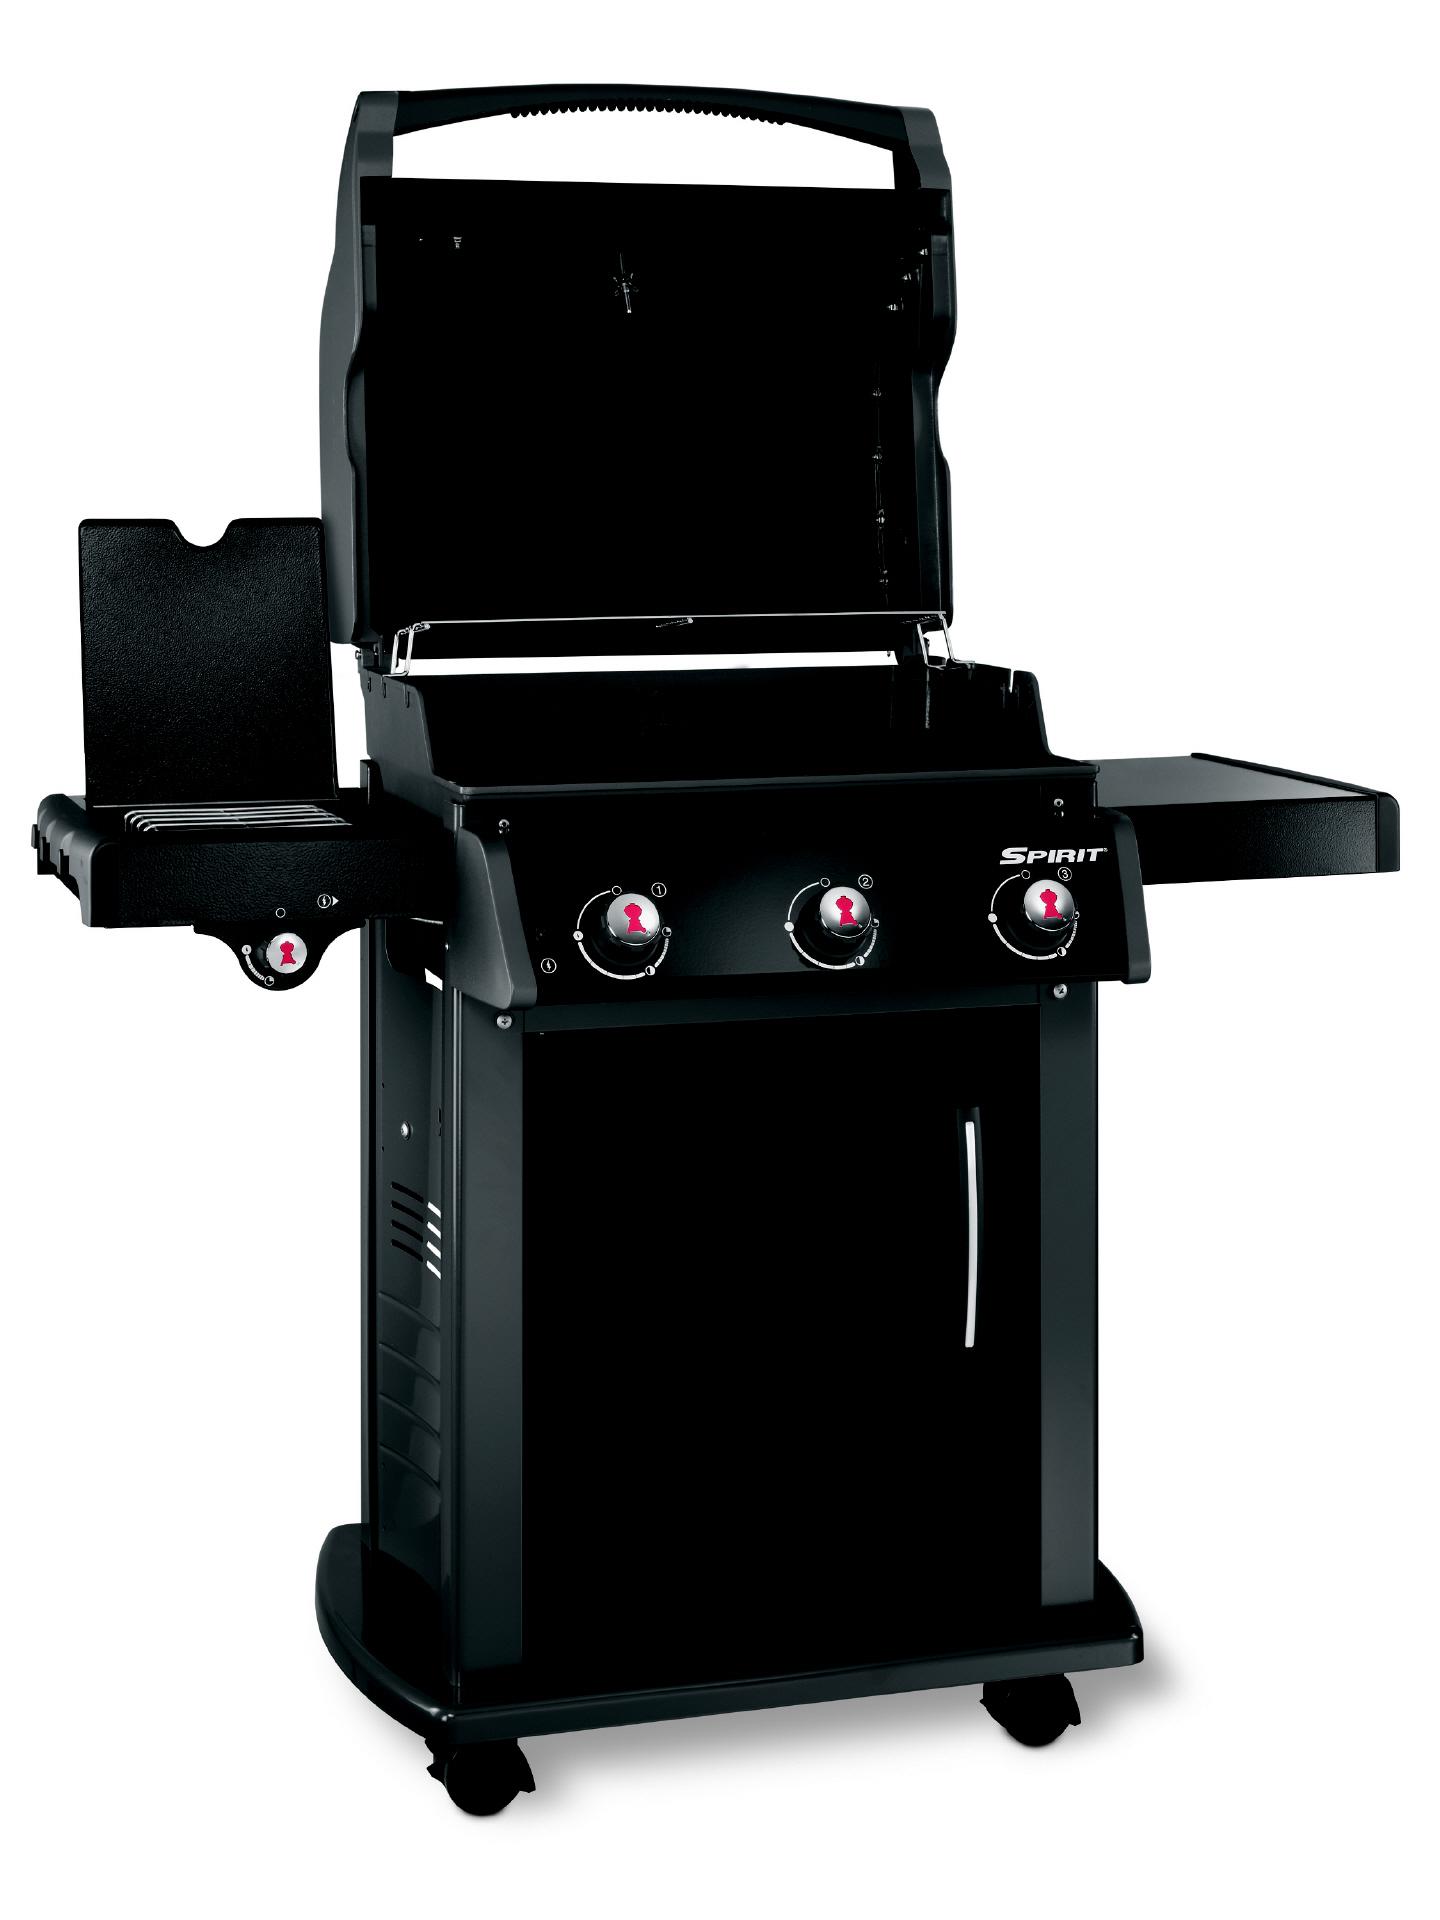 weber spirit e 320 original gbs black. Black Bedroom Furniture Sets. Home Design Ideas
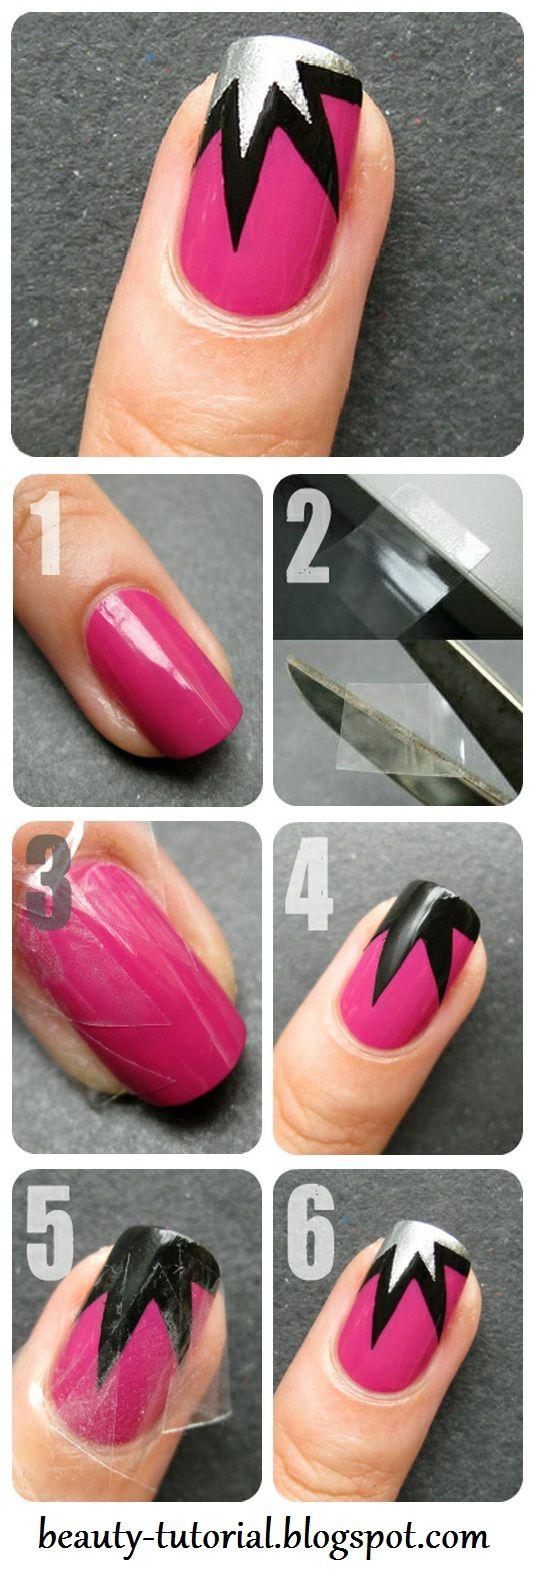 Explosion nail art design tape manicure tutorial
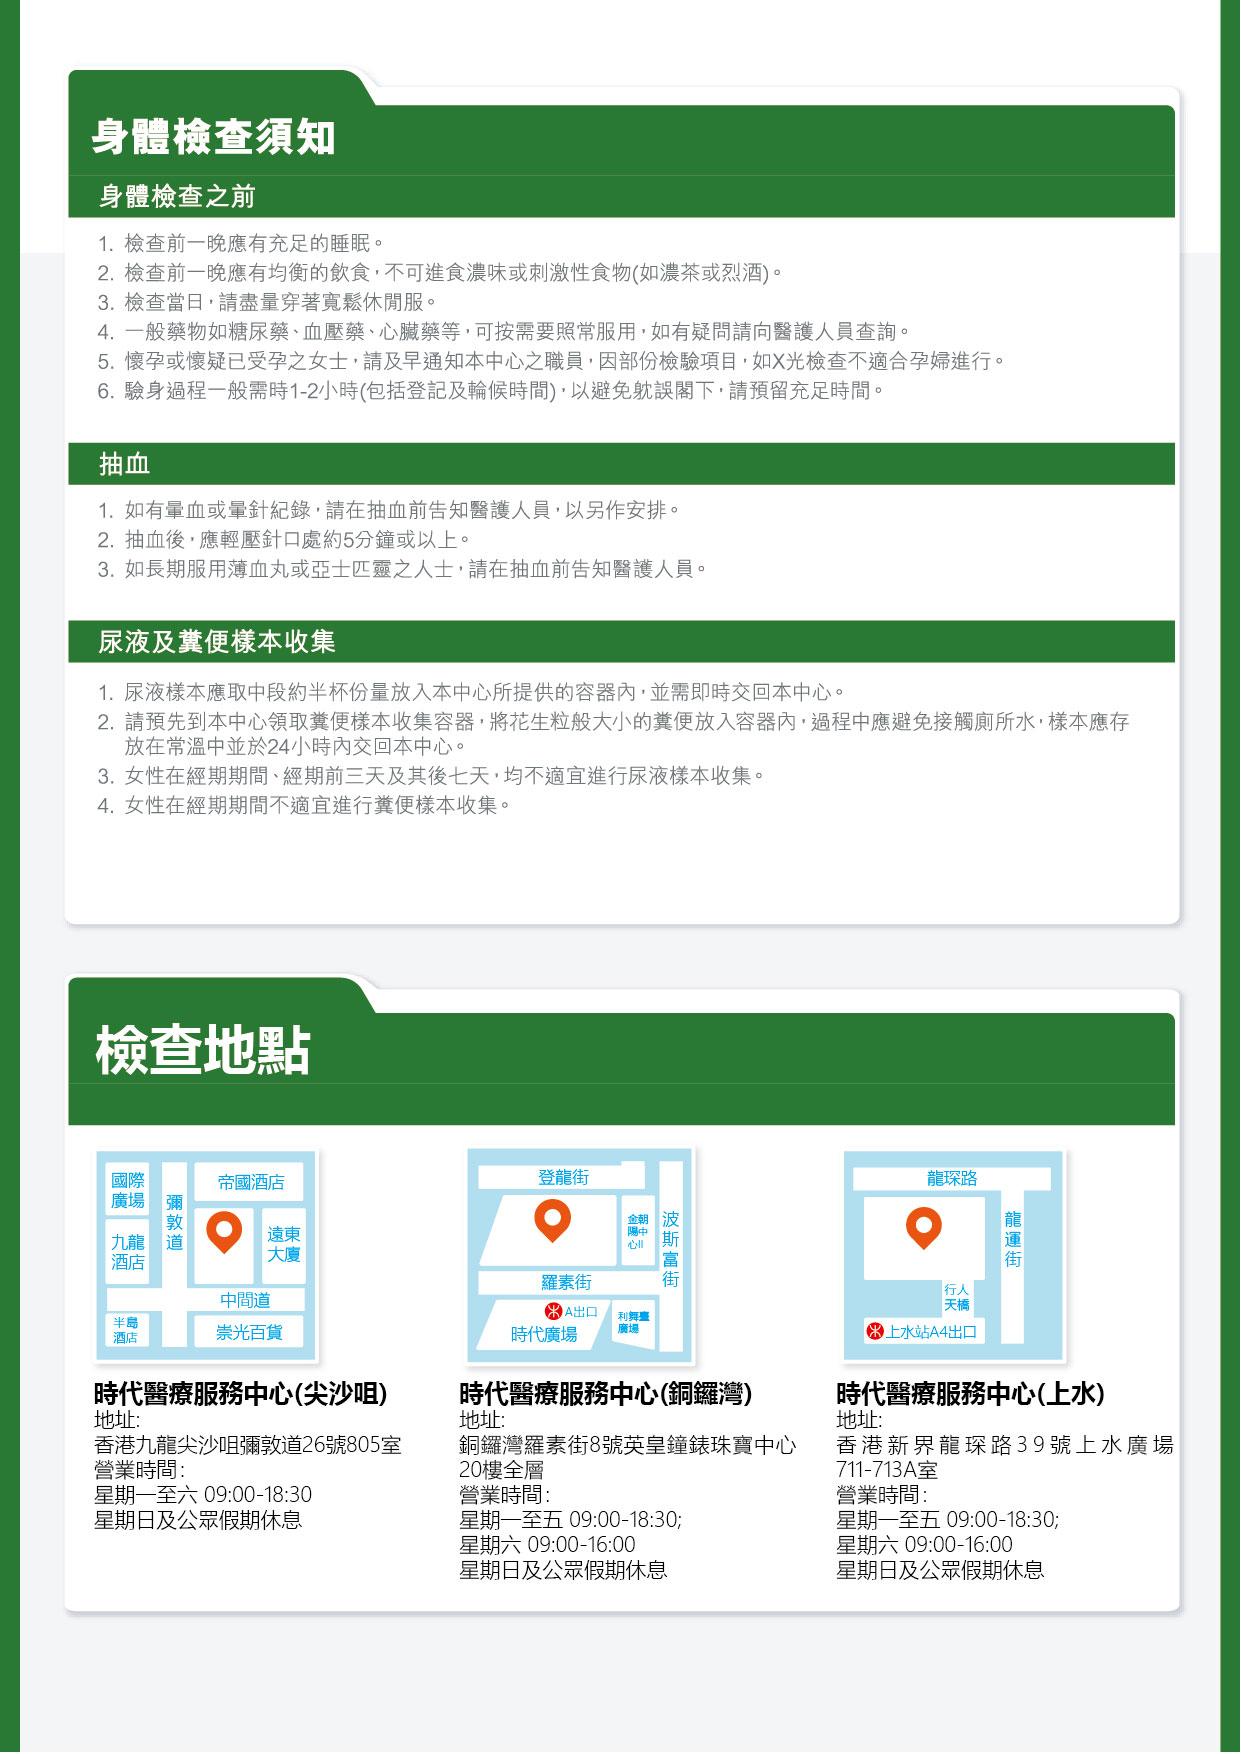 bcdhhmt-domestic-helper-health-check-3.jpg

+++

Brief: Output the listing above exactly, excluding all pictures.

Task answer:
 weber spirit e 320 original gbs black. Black Bedroom Furniture Sets. Home Design Ideas
 Explosion nail art design tape manicure tutorial
 bcdhhmt-domestic-helper-health-check-3.jpg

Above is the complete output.